- Born: May 5, 1642 London, England
- Died: 17 June 1718 (aged 76) Shotover, England

Education
- Alma mater: The Queen's College, Oxford

Philosophical work
- Era: 17th-century philosophy
- Region: Western philosophy
- Main interests: Political philosophy

= James Tyrrell (writer) =

English author, Whig political philosopher and historian

James Tyrrell (5 May 1642 - 17 June 1718) was an English author, Whig political philosopher, and historian. He was the grandson of James Ussher and a friend of John Locke.

==Life==
James Tyrrell was born in London, the eldest son of Sir Timothy Tyrrell and Elizabeth Tyrrell (née Ussher), the only daughter of Archbishop James Ussher. His younger sister Eleanor married the deist Charles Blount. He lived in Oakley, Buckinghamshire. He was married to Mary Hutchinson (1645-1687), daughter of Sir Michael Hutchinson of Fladbury, Worcestershire. They had at least three children, including James Tyrrell and Mary and another son.

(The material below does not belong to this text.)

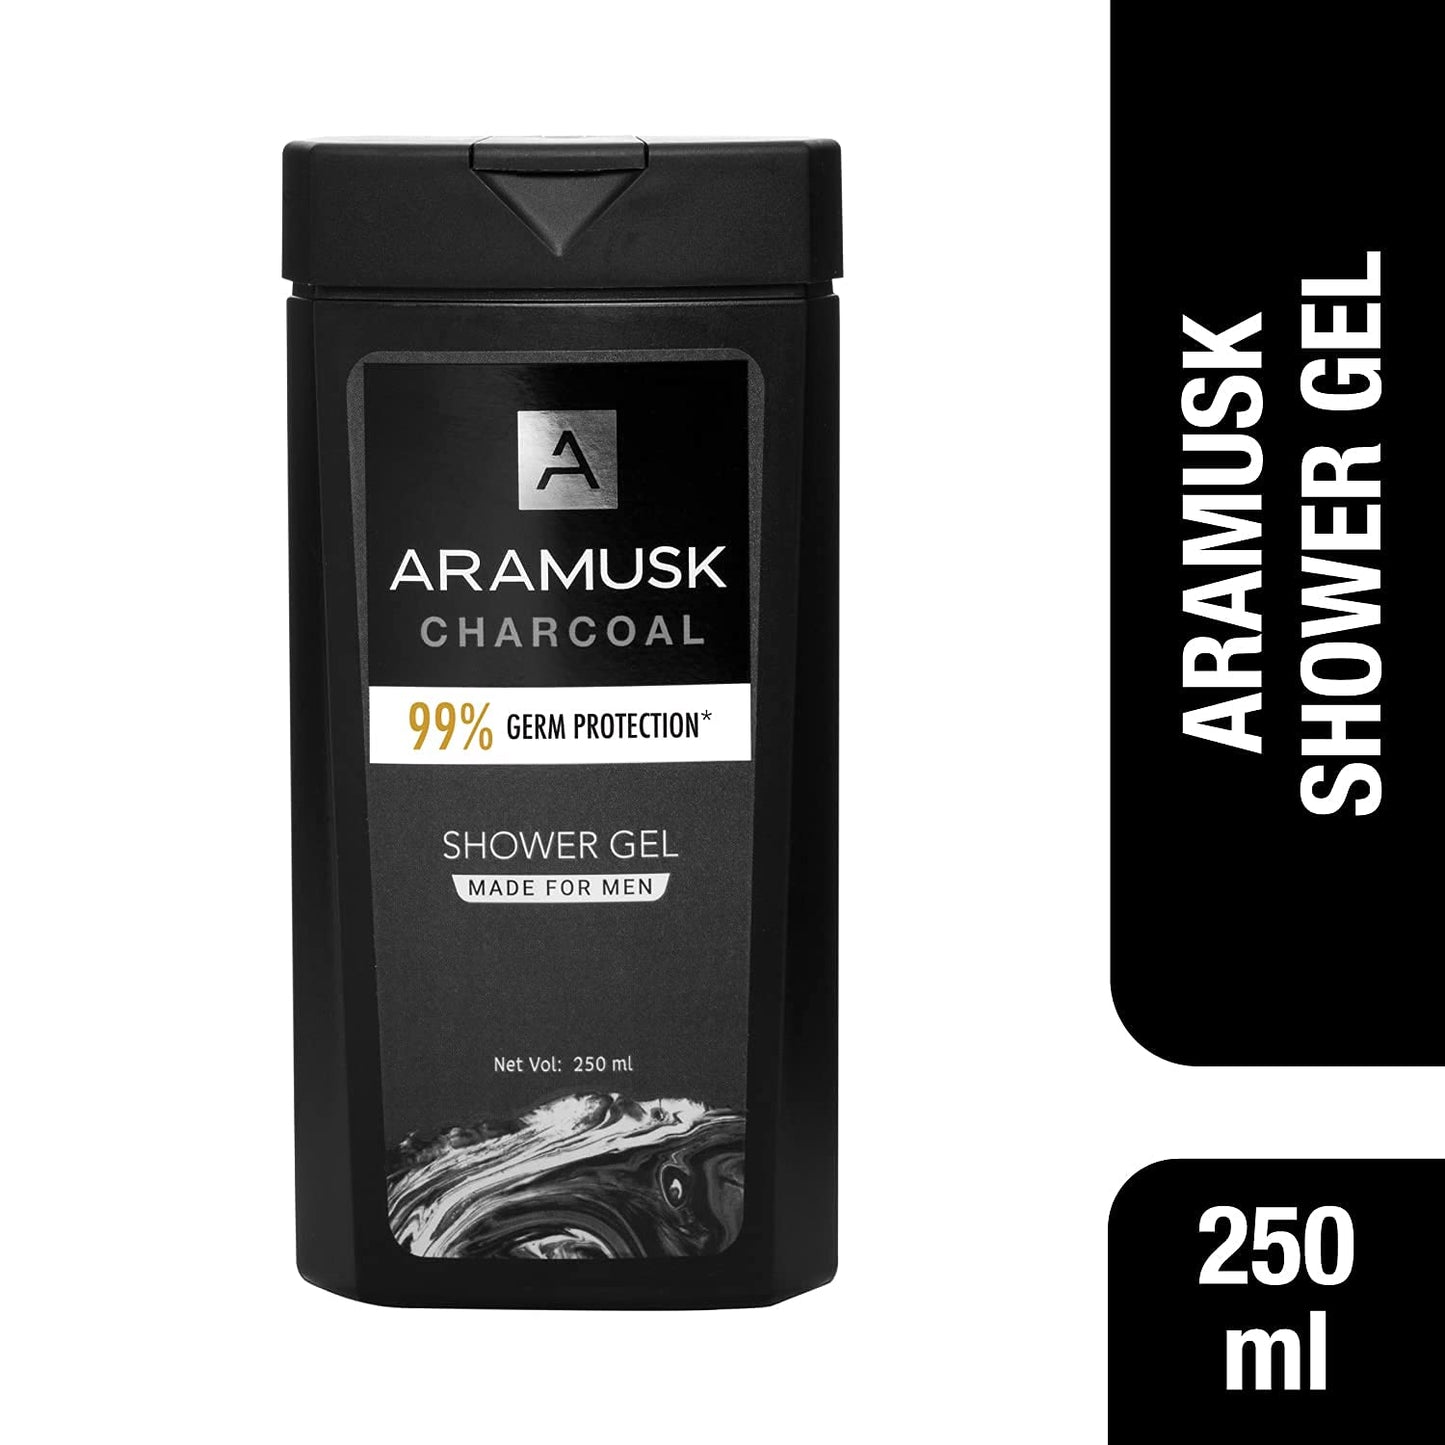 Aramusk Charcoal Shower Gel Made For Men 250ml

Educated at The Queen's College, Oxford (MA, 1663), he became a barrister in 1666 and a justice of the peace in Buckinghamshire. He was deprived of this office by James II for failing to support the Declaration of Indulgence. At the time of the Peace of Rijswijk (1697), he was persuaded back into public service by Thomas Herbert, 8th Earl of Pembroke (Lord Pembroke) to become Commissioner of the Privy Seal.

Tyrrell was a friend and supporter of John Locke, who stayed at Tyrrell's home during a period when he was apparently working on his Two Treatises on Government. Tyrrell's thinking appears to have been influential in the development of Locke's, and for a time his writings were more influential than Locke's in the emergence of Whig thinking and policies.

When Pierre Des Maizeaux set about compiling A Collection of Several Pieces of Mr. John Locke, a posthumous edition of lesser-known works and manuscripts, he recorded his conversations with Tyrrell who spoke at some length about his friend. The manuscript was discovered in 2021.

He spent his later years in Shotover, near Oxford and began building Shotover Park there, where he died on 17 June 1718, though he is buried in the church in Oakley.

According to a memorial to him, "He was a man of rare integrity, gravity, and wisdom: had never polished himself out of his sincerity: nor refined his behaviour to the prejudice of his virtue. He was a warm and zealous lover of his country, & of that system of religion and law which he well knew could only support it."

==Works==
His Patriarcha non monarcha (1681) was a reply to Robert Filmer's Patriarcha; it also included references to Thomas Hobbes, and was also influenced by Samuel Pufendorf. A Brief Disquisition of the Law of Nature was an English abridgment of Richard Cumberland's De legibus naturae. Bibliothetica politica was a huge compendium of Whig constitutional theory.

- Patriarcha non monarcha. The patriarch unmonarch'd: being observations on a late treatise and divers other miscellanies, published under the name of Sir Robert Filmer baronet. In which the falseness of those opinions that would make monarchy jure divino are laid open: and the true principles of government and property (especially in our kingdom) asserted. By a lover of truth and of his country, 1681
- A brief disquisition of the law of nature, according to the principles laid down in the reverend Dr. Cumberland's (now Lord Bishop of Peterborough's) Latin treatise on that subject. As also his considerations of Mr. Hobbs's principles put into another method, 1692
- Bibliotheca politica: or An enquiry into the ancient constitution of the English government; both in respect to the just extent of regal power, and the rights and liberties of the subject. Wherein all the chief arguments, as well against, as for the late revolution, are impartially represented, and considered, in thirteen dialogues. Collected out of the best authors, as well antient as modern ..., 1694
- The General History of England, both Ecclesiastical and Civil (5 volumes, published between 1700 and 1704). In which Tyrrell demonstrates that the liberties of the people are not concessions of kings.

==Sources ==
- Julia Rudolph, Revolution by Degrees: James Tyrrell and Whig Political Thought in the Late Seventeenth Century (Studies in Modern History), 2002.